INPUT RECORDS:
- - - -

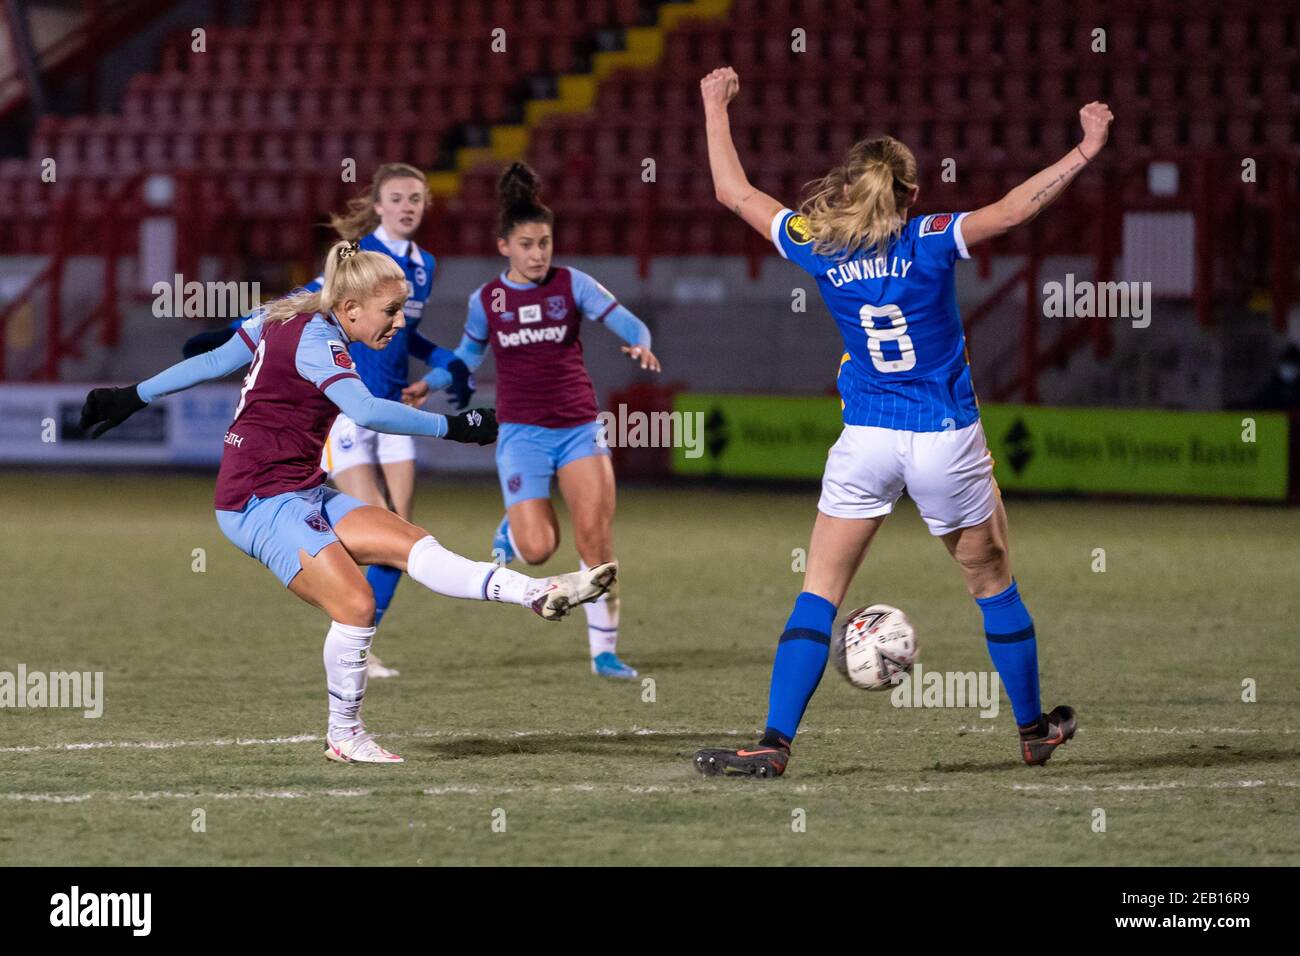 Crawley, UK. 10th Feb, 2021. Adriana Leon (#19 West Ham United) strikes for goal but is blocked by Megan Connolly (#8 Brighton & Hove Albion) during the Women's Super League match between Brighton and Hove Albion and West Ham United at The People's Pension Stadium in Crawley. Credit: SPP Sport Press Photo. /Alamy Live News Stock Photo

- - - -

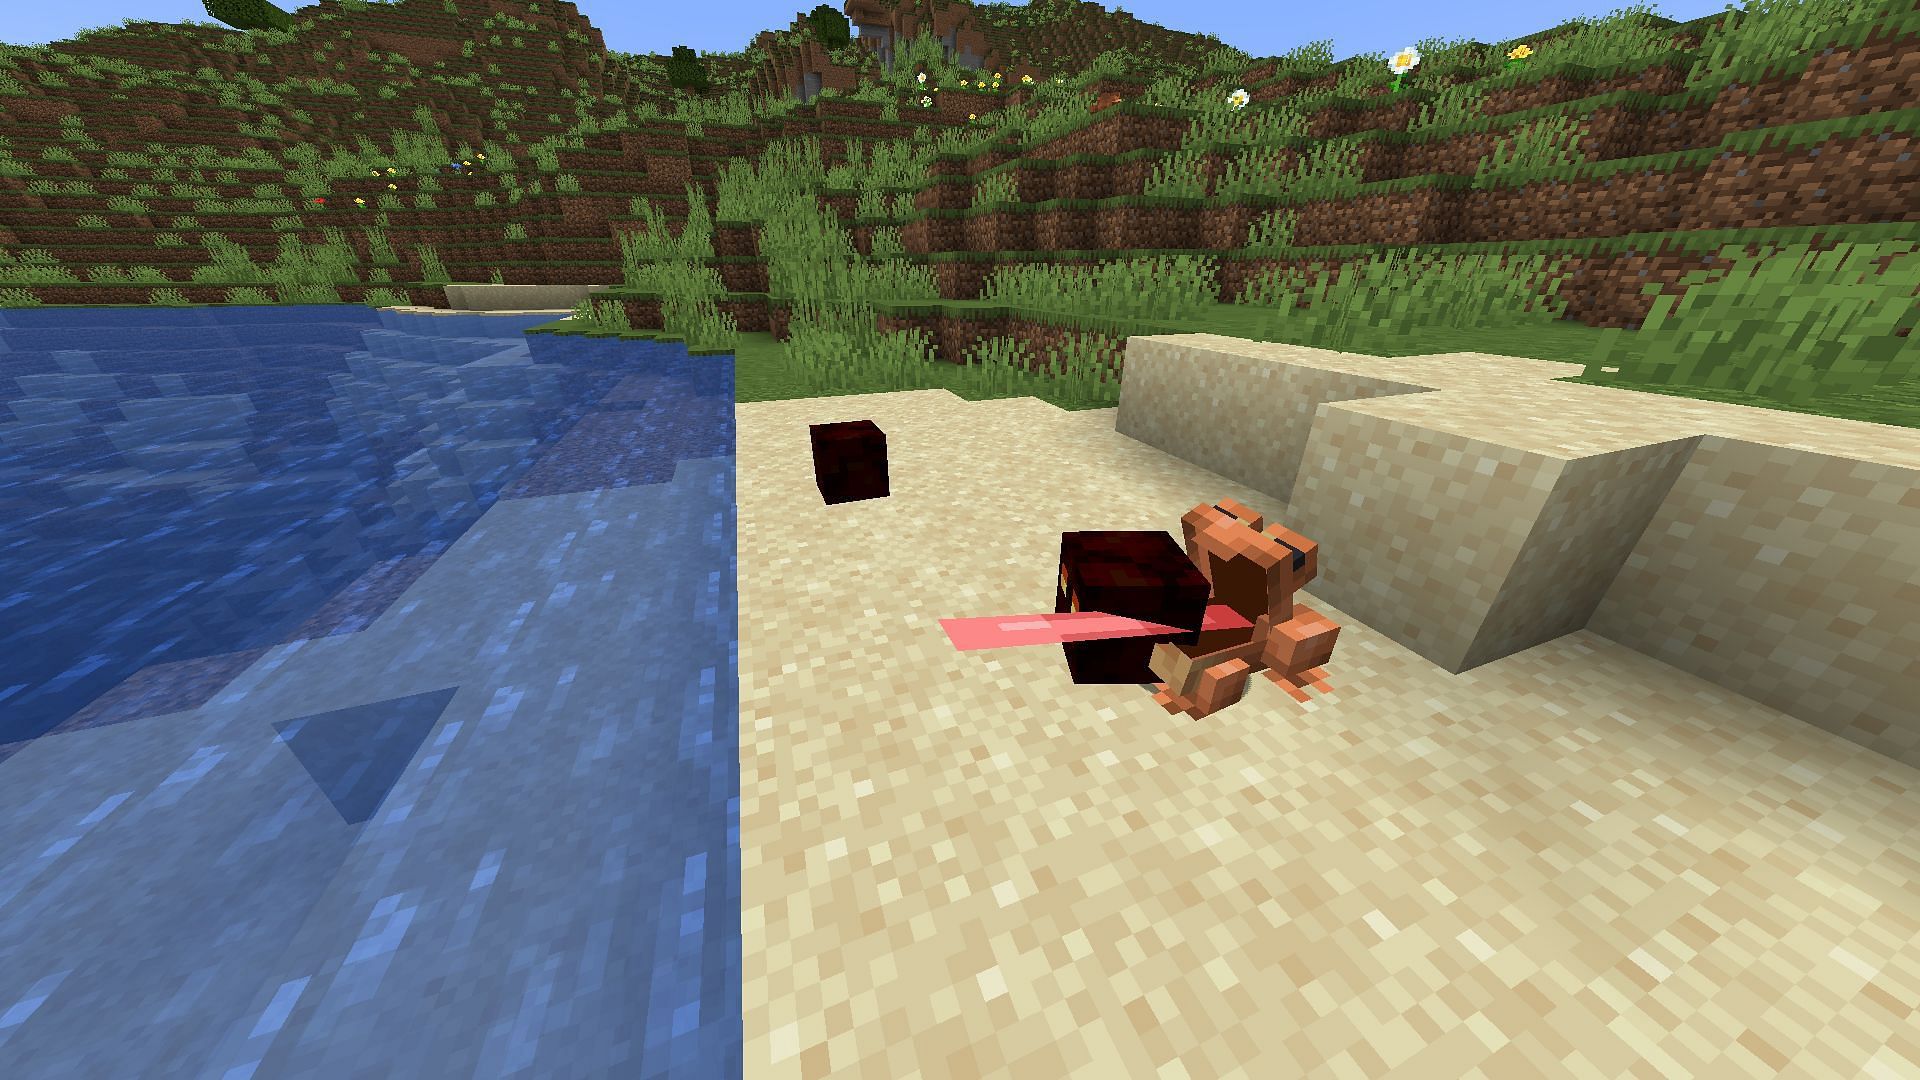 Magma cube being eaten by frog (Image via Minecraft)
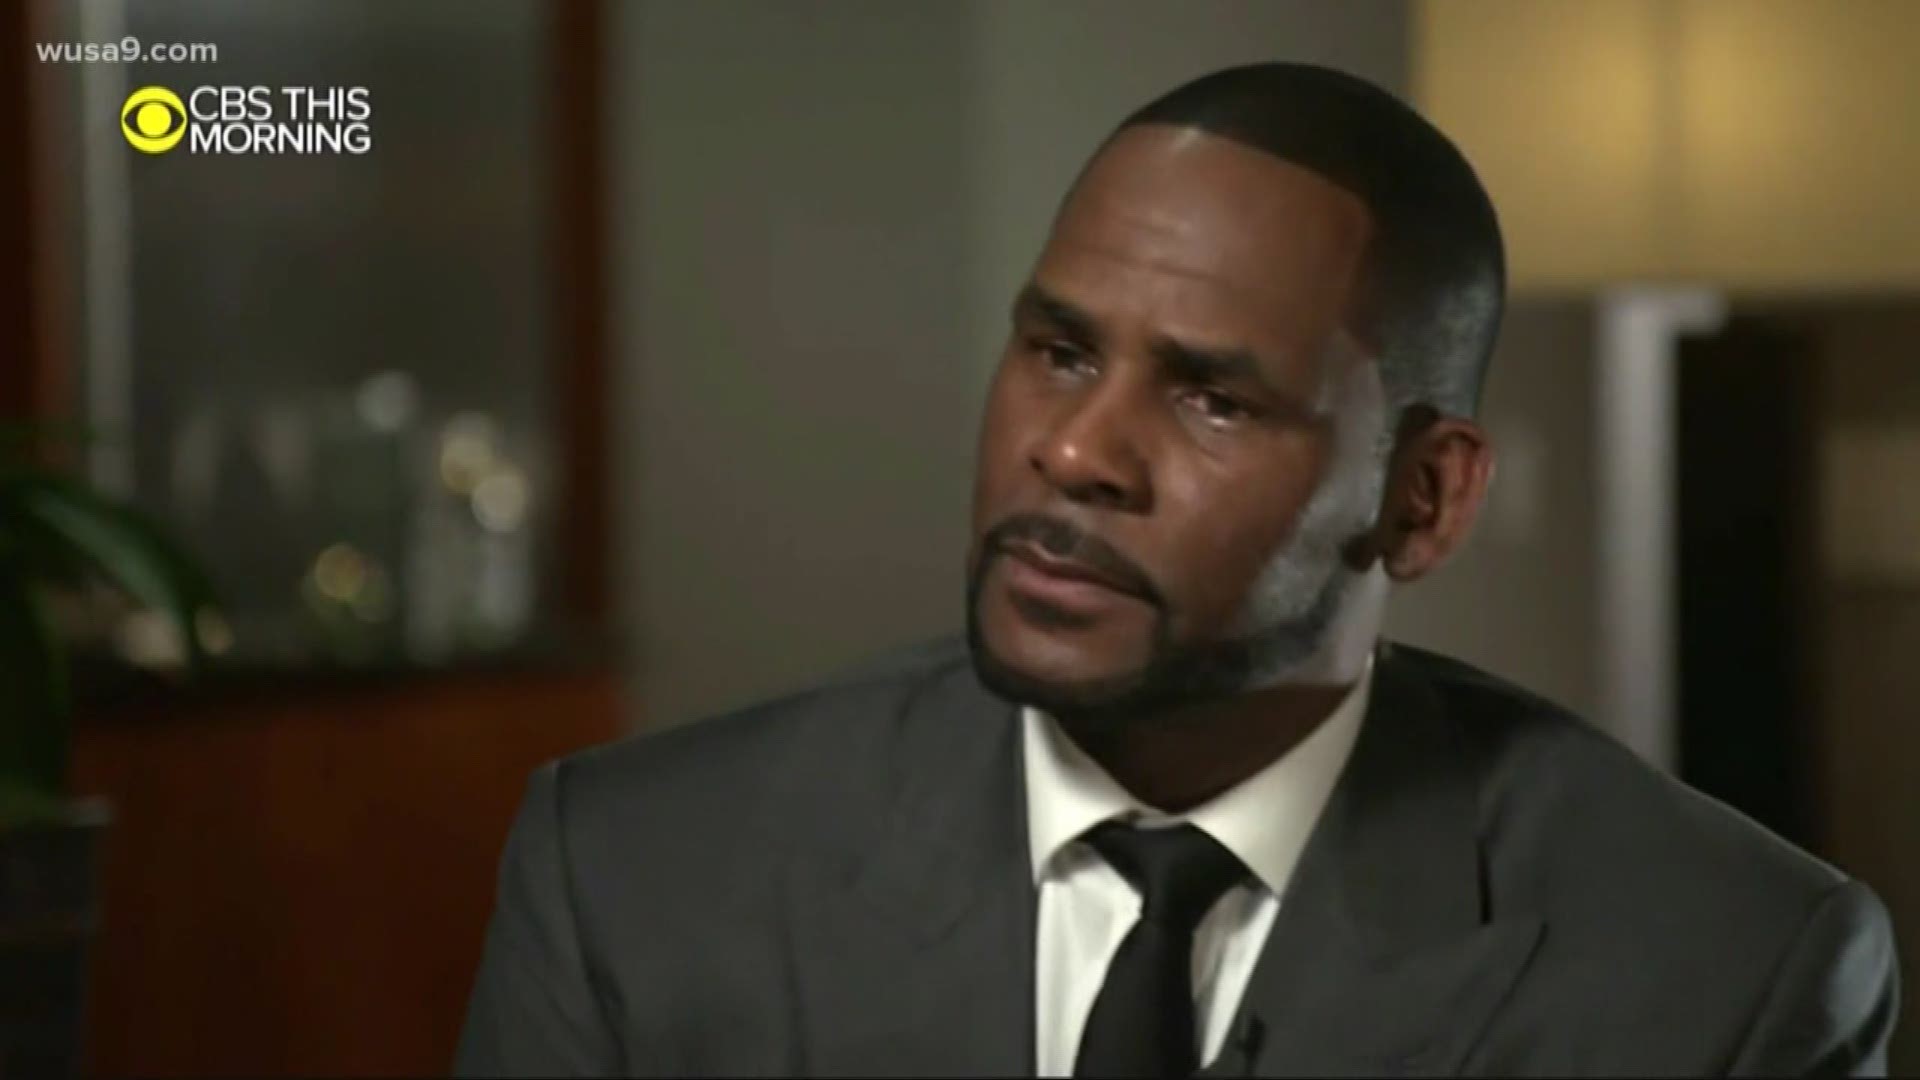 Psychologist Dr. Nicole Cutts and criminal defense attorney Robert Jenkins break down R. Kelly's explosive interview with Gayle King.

- - - -

WHAT YOU SHOULD DO: Find the line with "Magma cube being" and the line with "Psychologist Dr. Nicole" in the records above. Copy both and all lines between them exactly, without pictures.

COMPLETED TASK:
 Magma cube being eaten by frog (Image via Minecraft)
 Psychologist Dr. Nicole Cutts and criminal defense attorney Robert Jenkins break down R. Kelly's explosive interview with Gayle King.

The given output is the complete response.